Ademais, o que estaria a impedir que, ante o panorama de relativização do dever de prestar contas anteriormente mencionado, os ordenadores de despesa atalhassem sua defesa no Tribunal, alegando, por exemplo: “as contas estão regulares, mas, sobre elas, reservo-me o direito de falar em juízo”?

Talvez deveria o Tribunal se recolher em sua escola de contas. Aliás, nesse intuito foi lançado o art. 173 da nova Lei de Licitações (“Os tribunais de contas deverão, por meio de suas escolas de contas, promover eventos de capacitação para os servidores efetivos e empregados públicos designados para o desempenho das funções essenciais à execução desta Lei, incluídos cursos presenciais e a distância, redes de aprendizagem, seminários e congressos sobre contratações públicas”).

Nenhuma disposição ilustra com maior clareza o périplo por que passa a Corte de Contas, posto que jurisdição é função peculiar daqueles que falam por último, já a educação, daqueles que falam por primeiro.

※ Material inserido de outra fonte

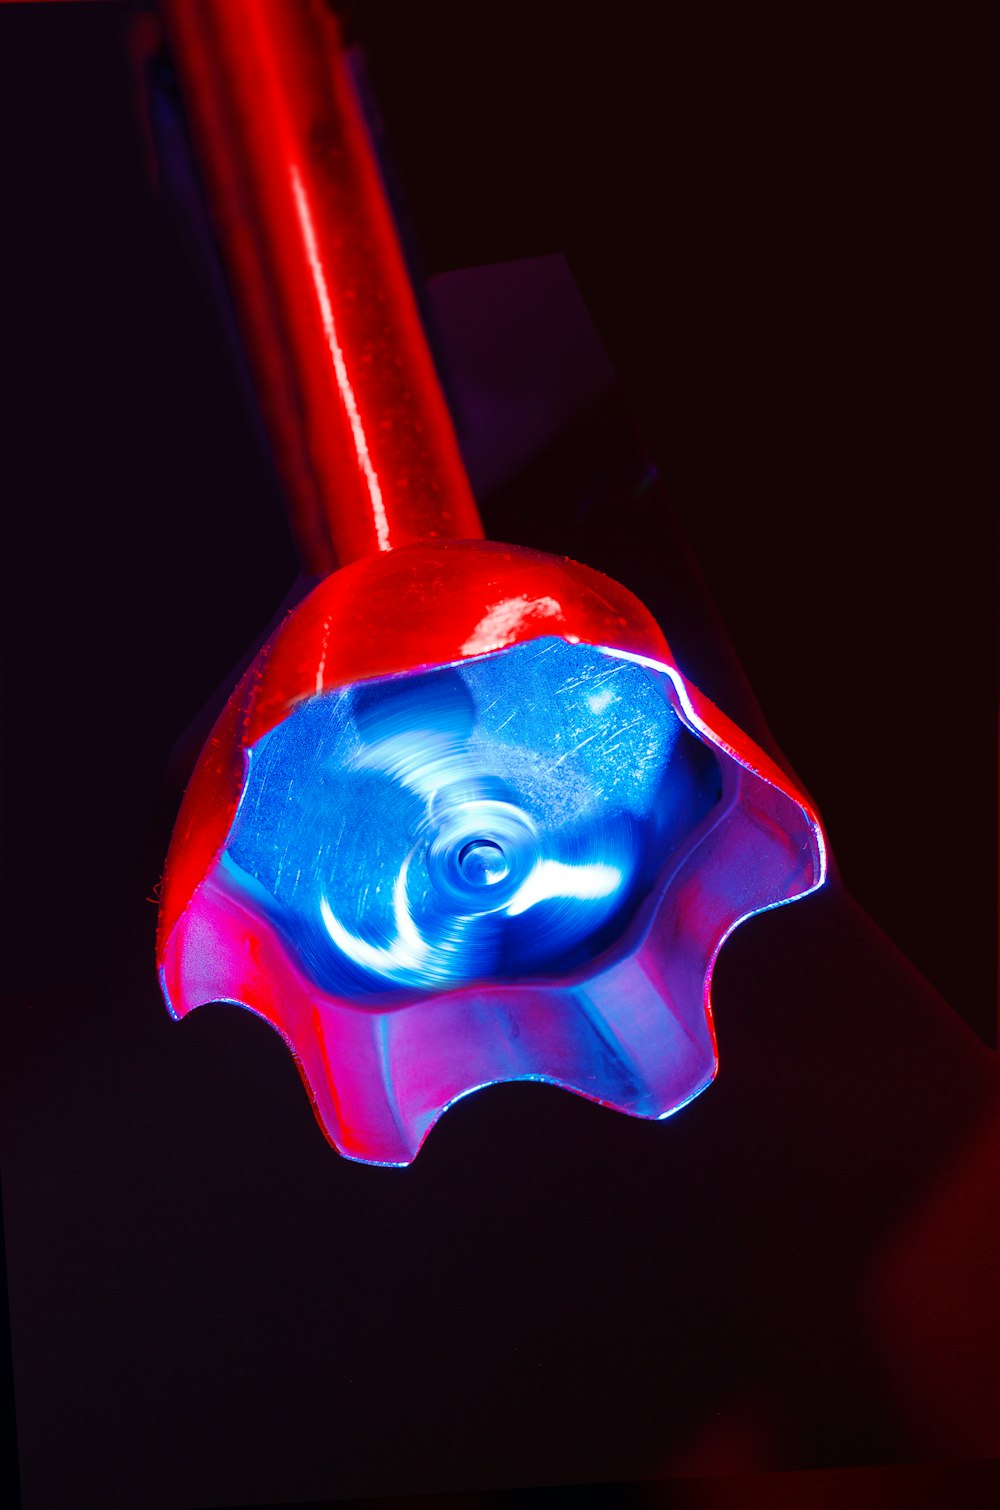 Un primer plano de un objeto rojo y azul

Enfim, não há instituição que emerja isenta de deficiências e imperfeições dos rigores da vida. Tais faltas legitimam propostas de avanço que elas e a academia podem e devem formular, tudo em busca da máxima efetividade e cumprimento do que consta na Constituição.

A Constituição é uma coleção de dizeres que, justapostos, adquirem ares de sonho aspirado por uma abnegada esperança em dias melhores. Faz parte dessa utopia o mito de um órgão instigador da contínua melhoria técnica da gestão. Sabe-se lá quantas gerações de paulatinos avanços e pequenos regressos a fé nesse porvir é capaz de resistir. Talvez devêssemos apostar nos mitos.

 

  • Alexandre Manir Figueiredo Sarquis é Conselheiro-Substituto do TCE-SP, doutorando em Direito Financeiro USP, professor da FIPECAFI.